## ASSIGNMENT
For the entries below, repeat exactly each line starting with the one that contains "Dolly Parton - Trio on Warner Bros. Records" and going on through the one that contains "Есть ли альтернатива", and no others.

## EXTRACTED INFORMATION
============================================================

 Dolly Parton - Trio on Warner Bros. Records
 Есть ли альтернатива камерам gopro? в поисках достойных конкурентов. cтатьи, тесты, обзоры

============================================================

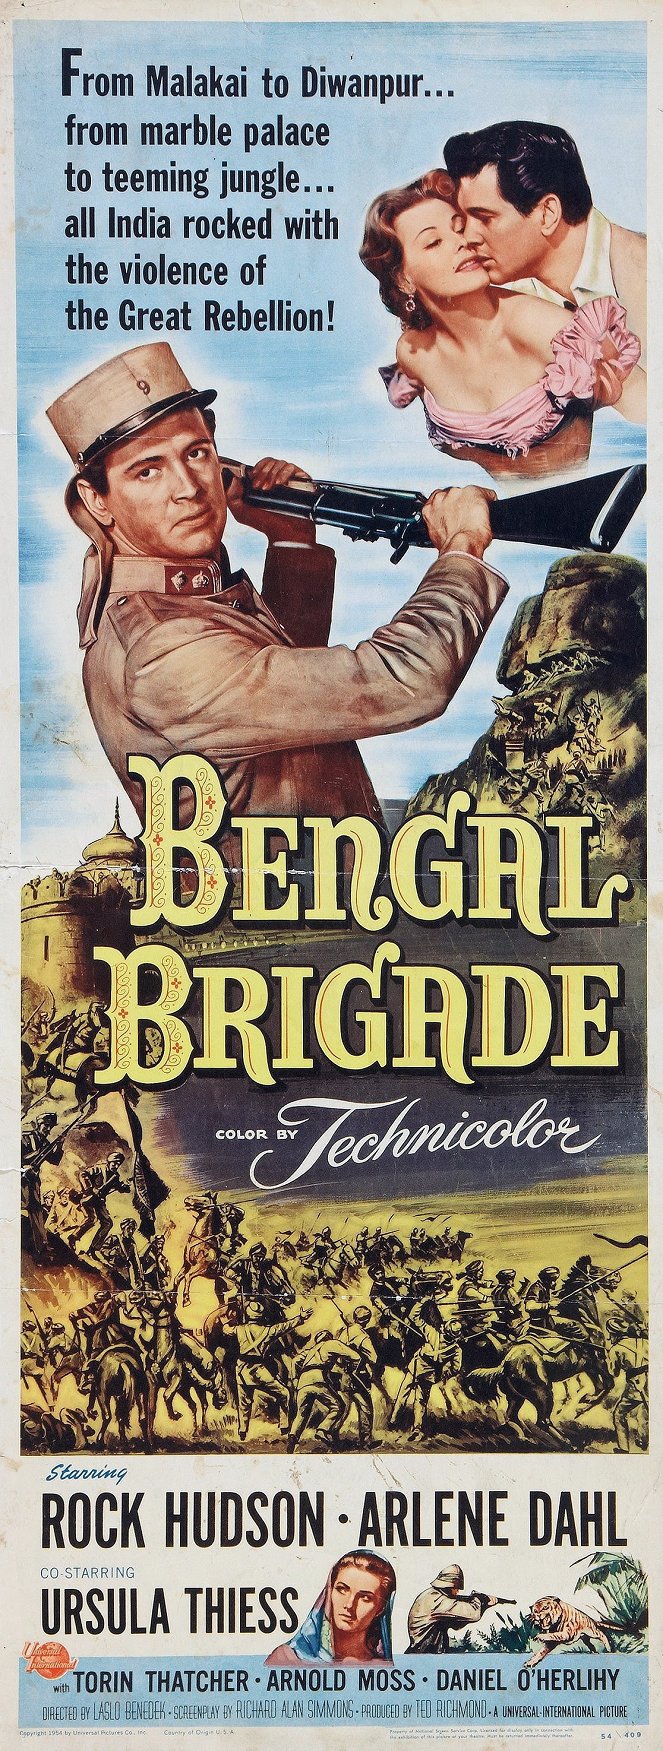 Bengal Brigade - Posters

============================================================

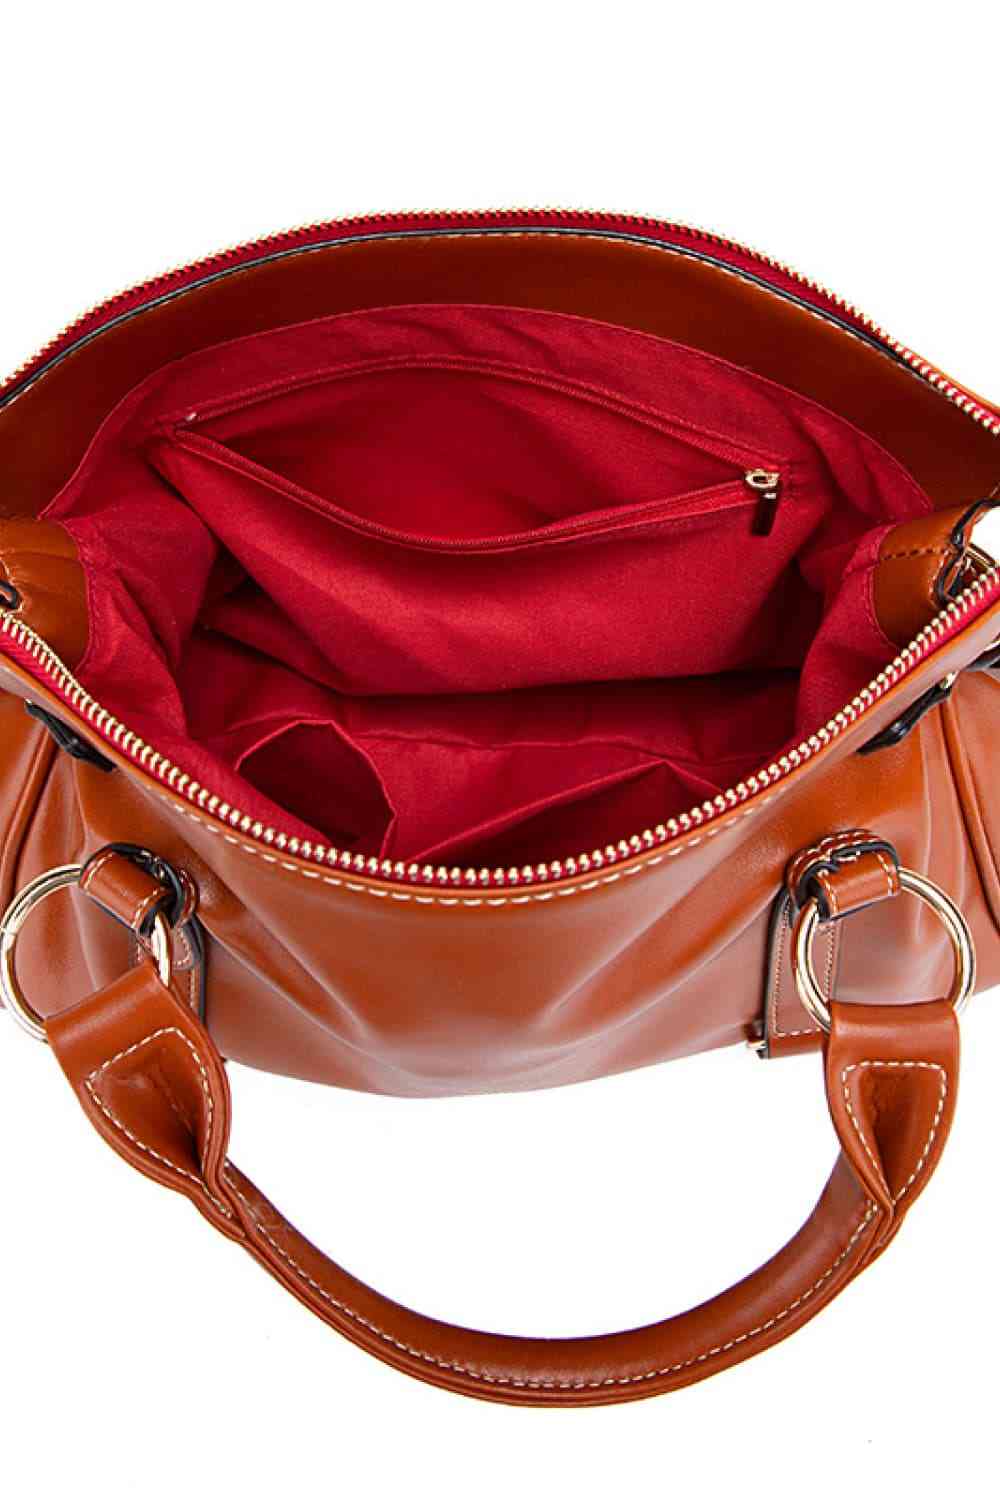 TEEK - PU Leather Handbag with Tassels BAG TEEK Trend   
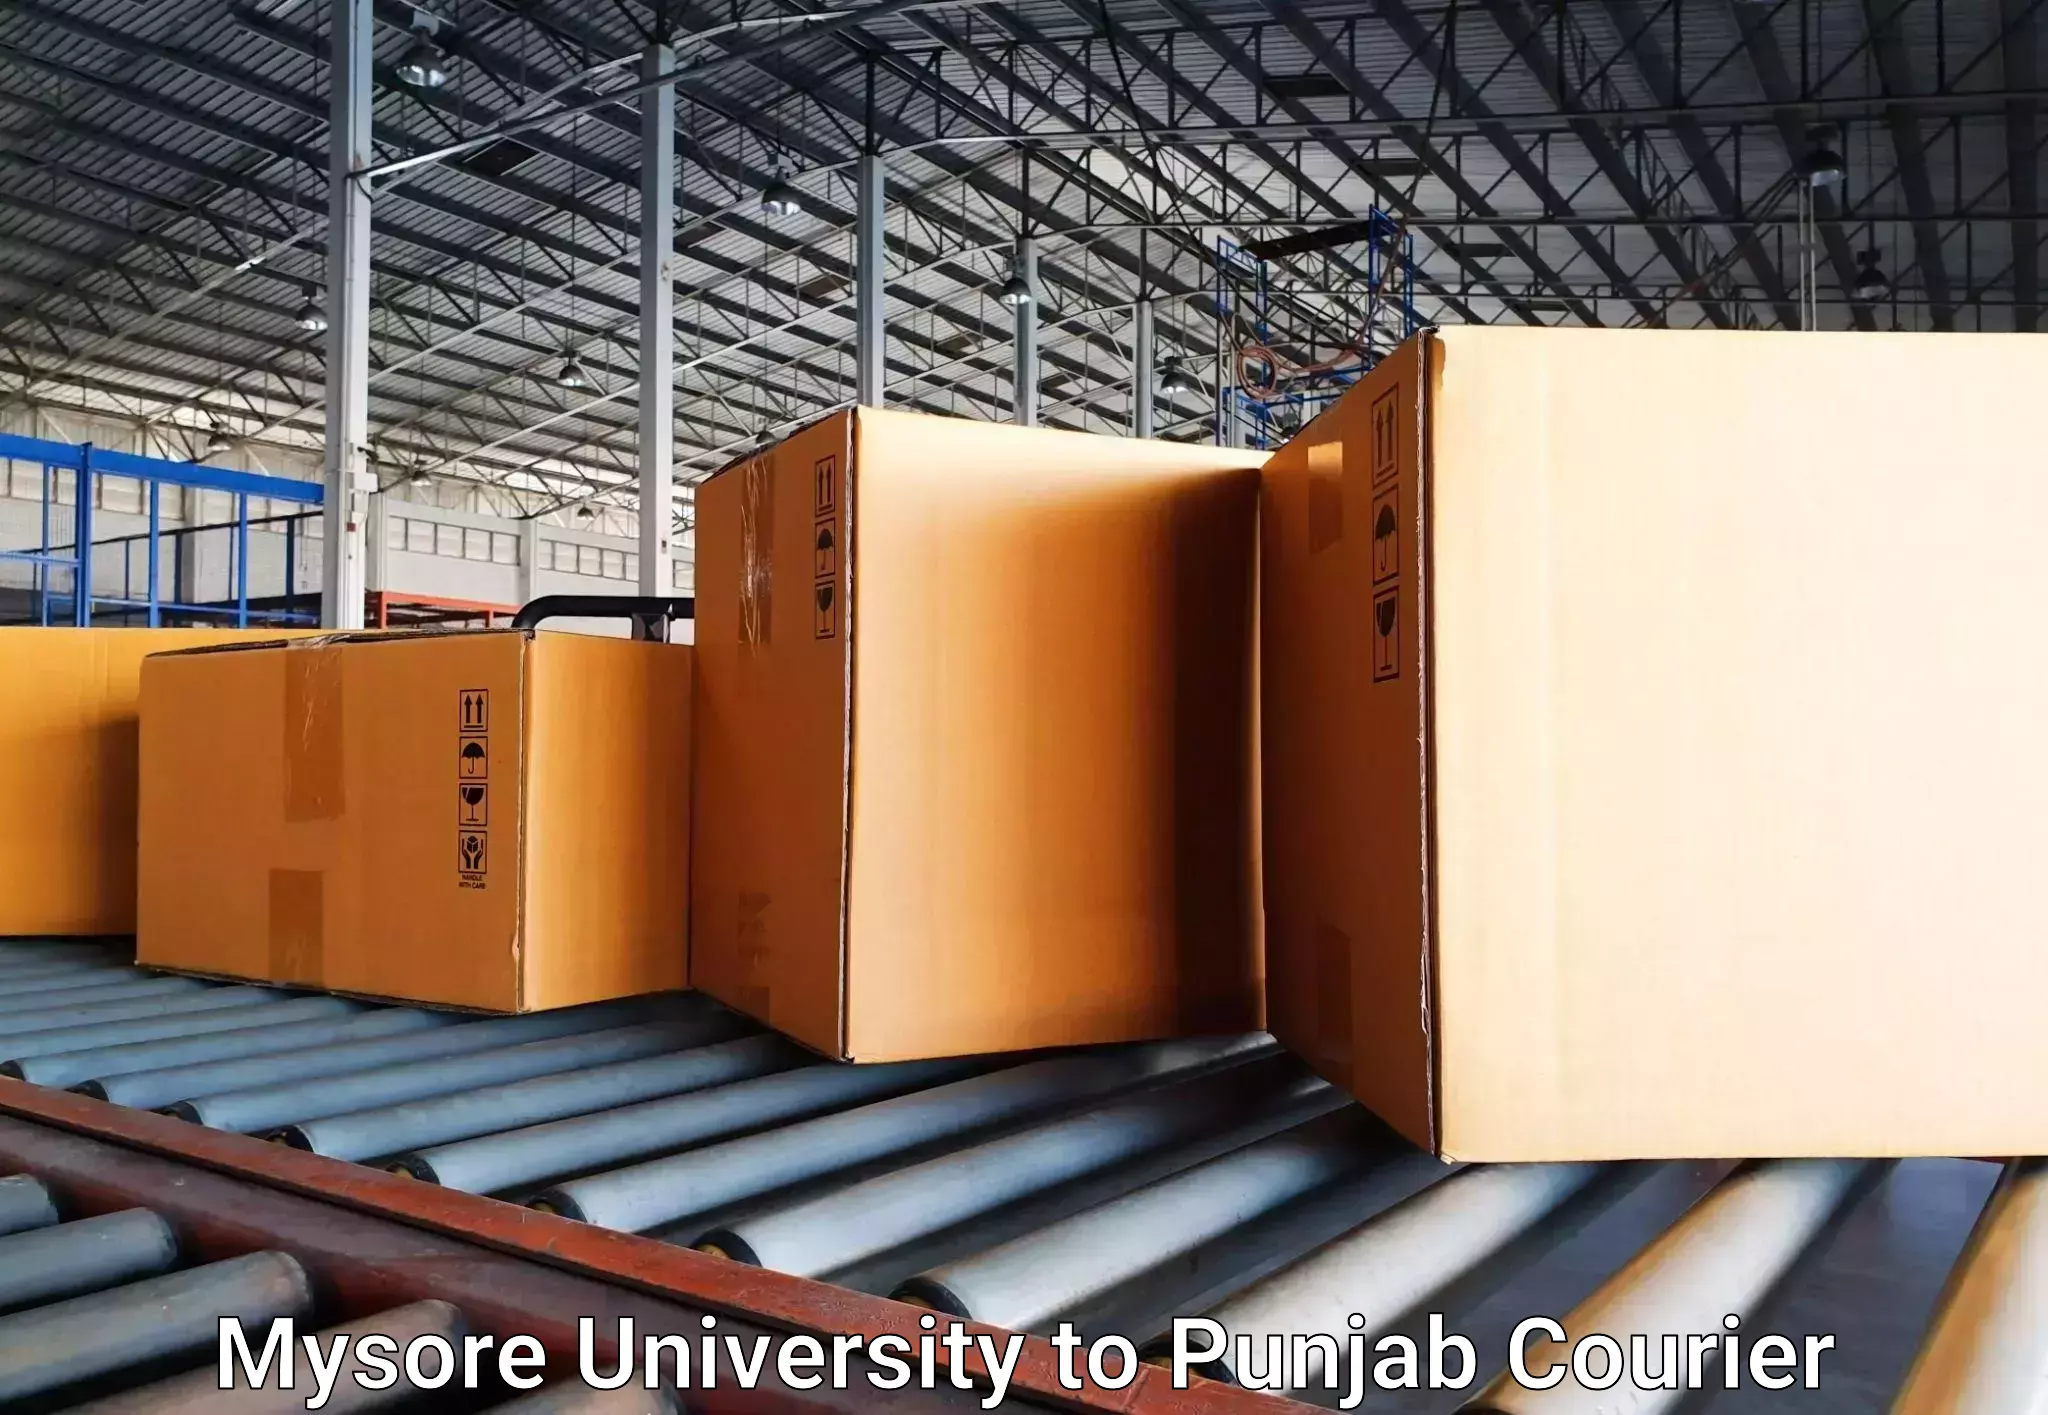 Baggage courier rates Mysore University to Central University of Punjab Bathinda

============================================================

## ANSWER SPACE
 Dolly Parton - Trio on Warner Bros. Records
 Есть ли альтернатива камерам gopro? в поисках достойных конкурентов. cтатьи, тесты, обзоры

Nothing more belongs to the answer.